How to Safely Change Your Web Address
There are several reasons you may need to change your website address along the life of your business. Some of these reasons could include a name change for your business, a re-branding strategy, or moving away from a hard to spell or difficult to type address and moving to a premium domain name. Either way, there are ways to change your website address without loosing any search engine rankings or traffic and it is important to make the right decisions when it comes to changing the URL as doing this wrong could hurt your business.
When changing your website address, it is important to first download your entire website and database if you have one and make a backup. Create a new hosting account for your new domain name and upload all the files to the new location which will create a situation where your site is in two places at the same time. If you are in control of your DNS (Domain Name System) settings, you will want to lower your TTLs (Time to Live) to 300 seconds, the minimum amount of time you can set your DNS records for. This will minimize propagation time between the old web name and the new one.
Make sure your new website has all its pages updated so that the new URL is used within all the source code. Go to your old website and create an “.htaccess” file if there isn’t one there already and implement a site-wide 301 redirect from all the old pages to the new domain. This is what the redirect will look like when implemented correctly.
301 Redirect All Pages to New Domain: (Keeping Old URLs)
RewriteEngine on
RewriteRule ^(.*)$ http://www.newwebname.com/$1 [R=301,L]
This above “.htaccess” command tells the server to redirect all traffic to its corresponding URL at the new website, which in this example is called “newwebname.com”. A web page at “oldsite.com/subfolder/” would then be redirected to “newwebname.com/subfolder/” seamlessly. All of the old pages and file names will continue to work at the new website address. The 301 reference tells search engines that this change should be considered permanent and that they should redirect all link value to the new address and discontinue checking the old site as this is a permanent change.

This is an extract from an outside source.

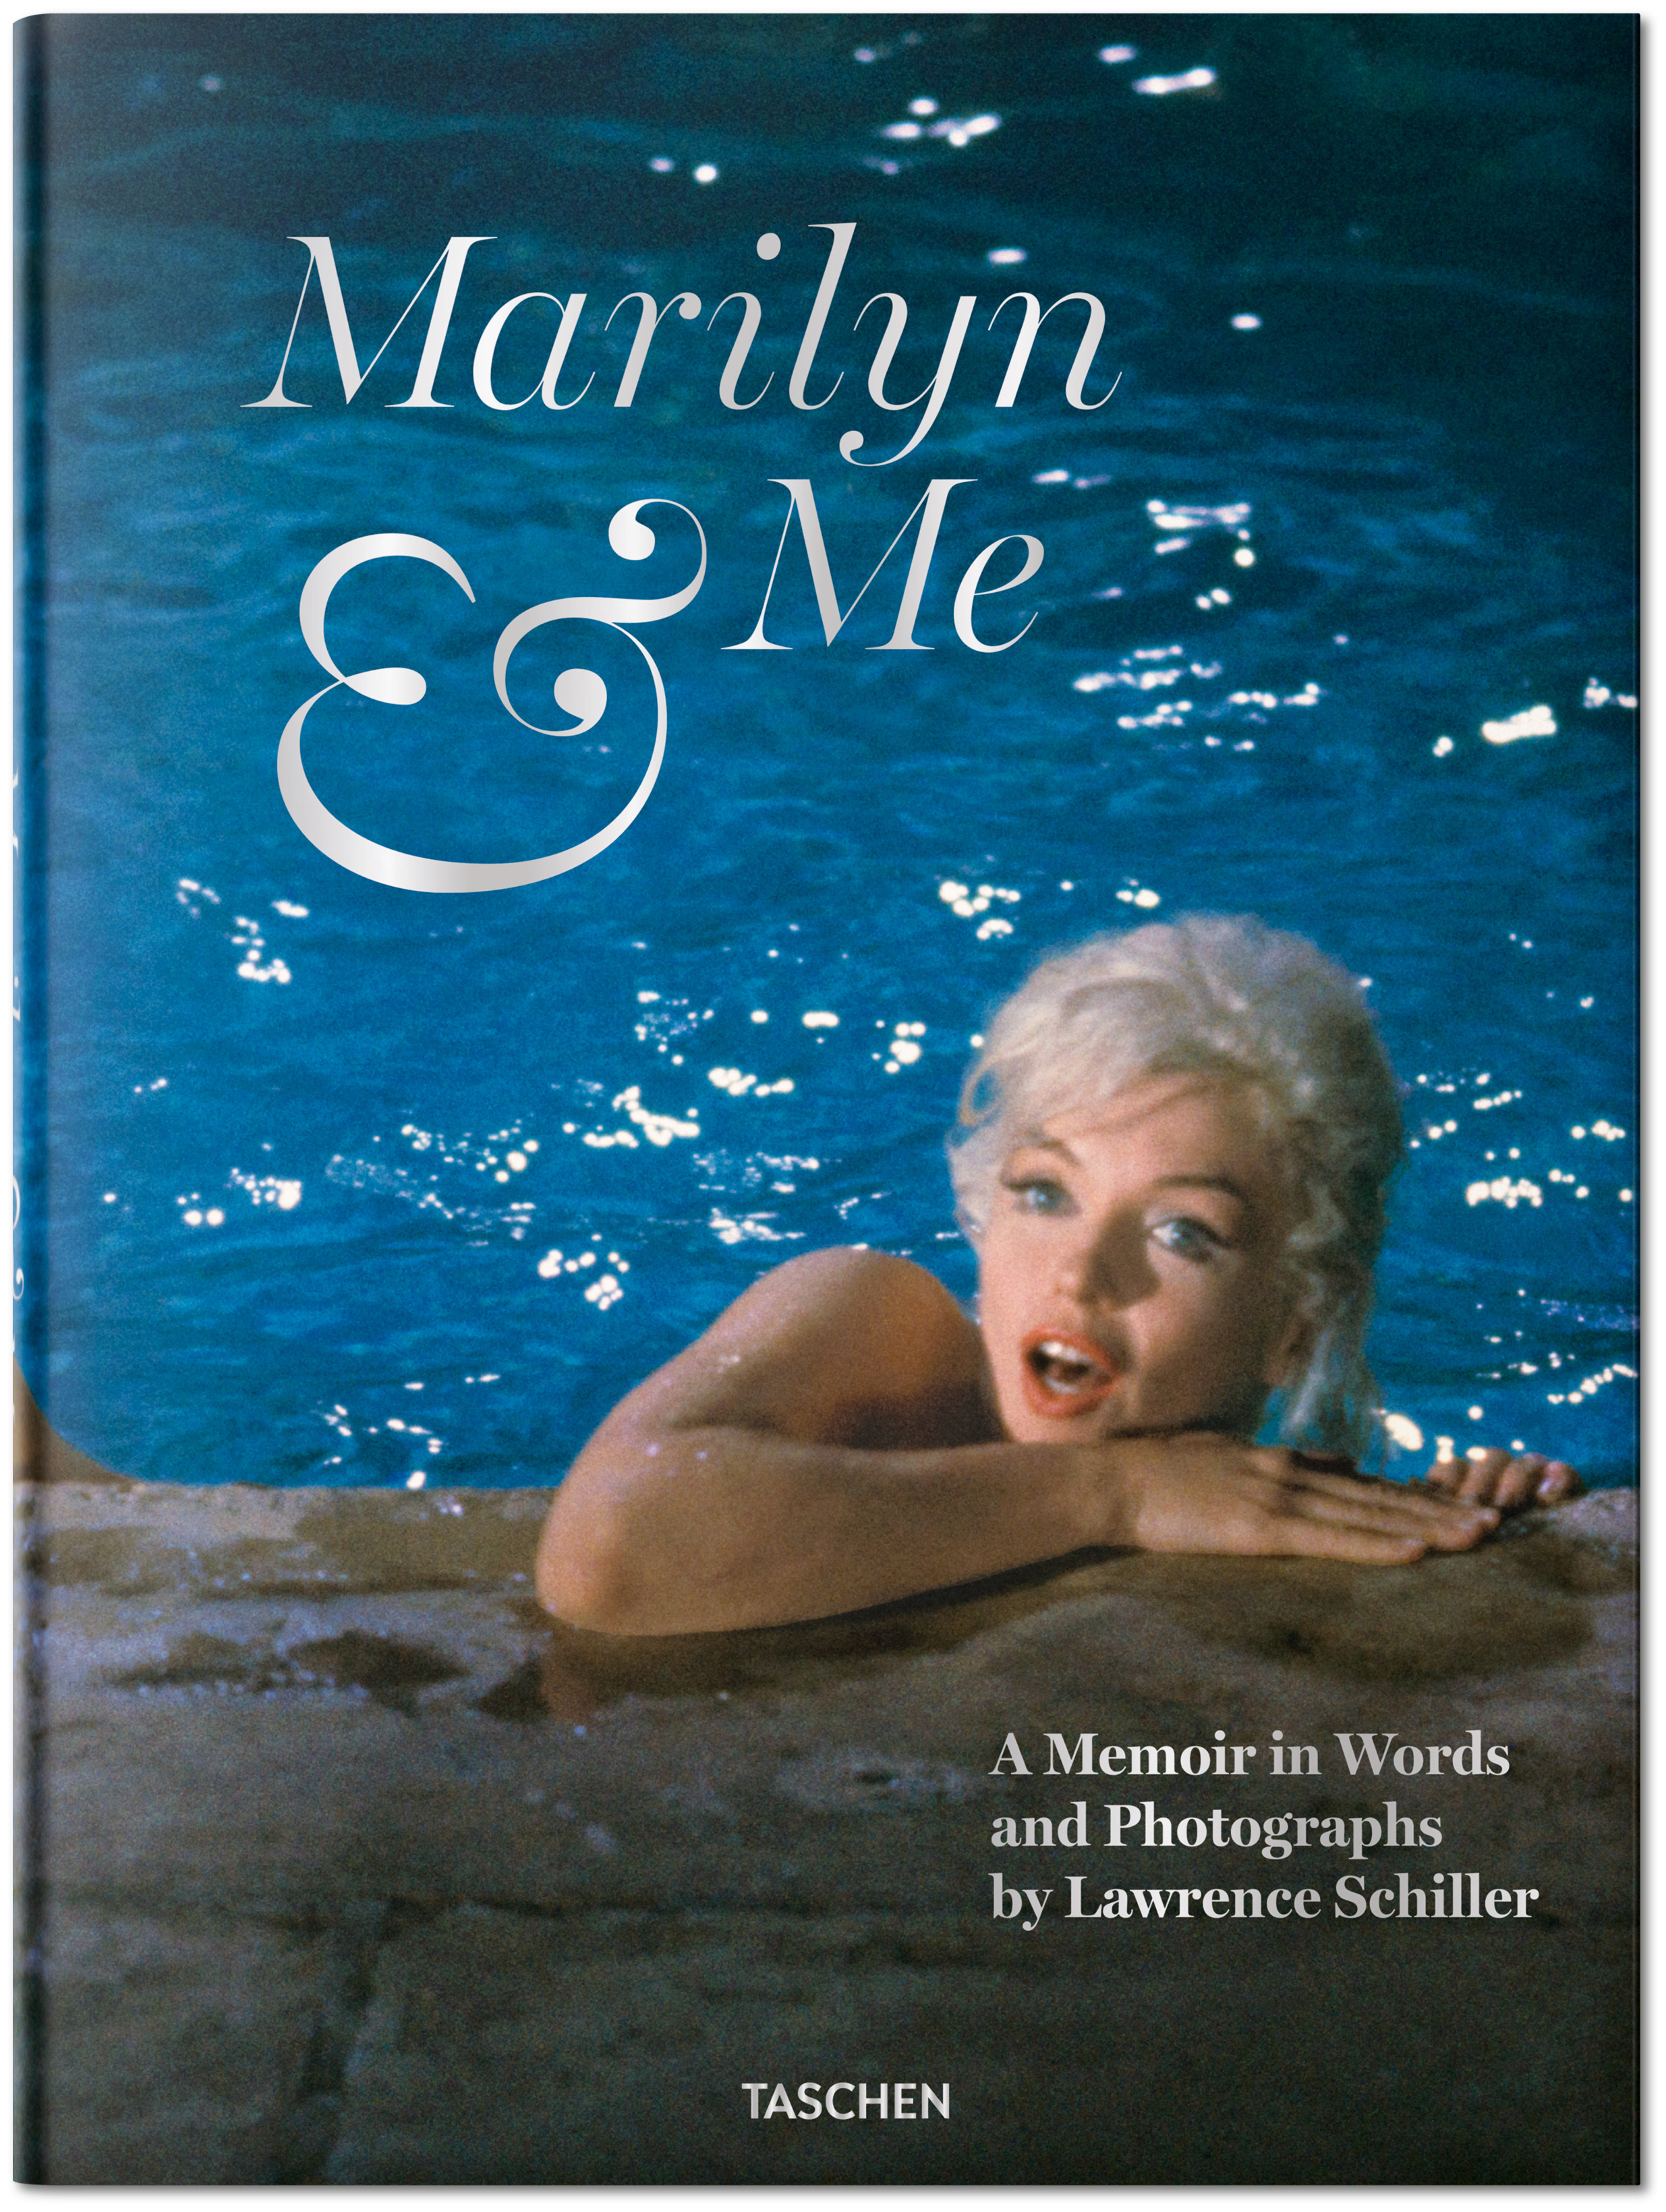 Nos 60 anos da morte de Marilyn Monroe, conheça 11 filmes imperdíveis da  atriz - Estadão

If you wanted to redirect all traffic to a new website but you do not want to keep all the same pages and want to redirect all traffic to the new website homepage, you would use this redirect below.
301 Redirect All Pages to New Domain: (Homepage Only)
Options +FollowSymLinks
RewriteEngine on
RewriteRule (.*) https://www.newwebname.com [R=301,L]
This above “.htaccess” command tells the server to redirect all traffic to the exact URL at the new website and to disregard what page is sending the traffic and not try and match up the old page to the new page at the new website. In this example, “oldsite.com/subfolder/” would be redirected to “newwebname.com”. The 301 reference tells search engines that this change should be considered permanent and that they should redirect all link value to the new address and discontinue checking the old site as this is a permanent change.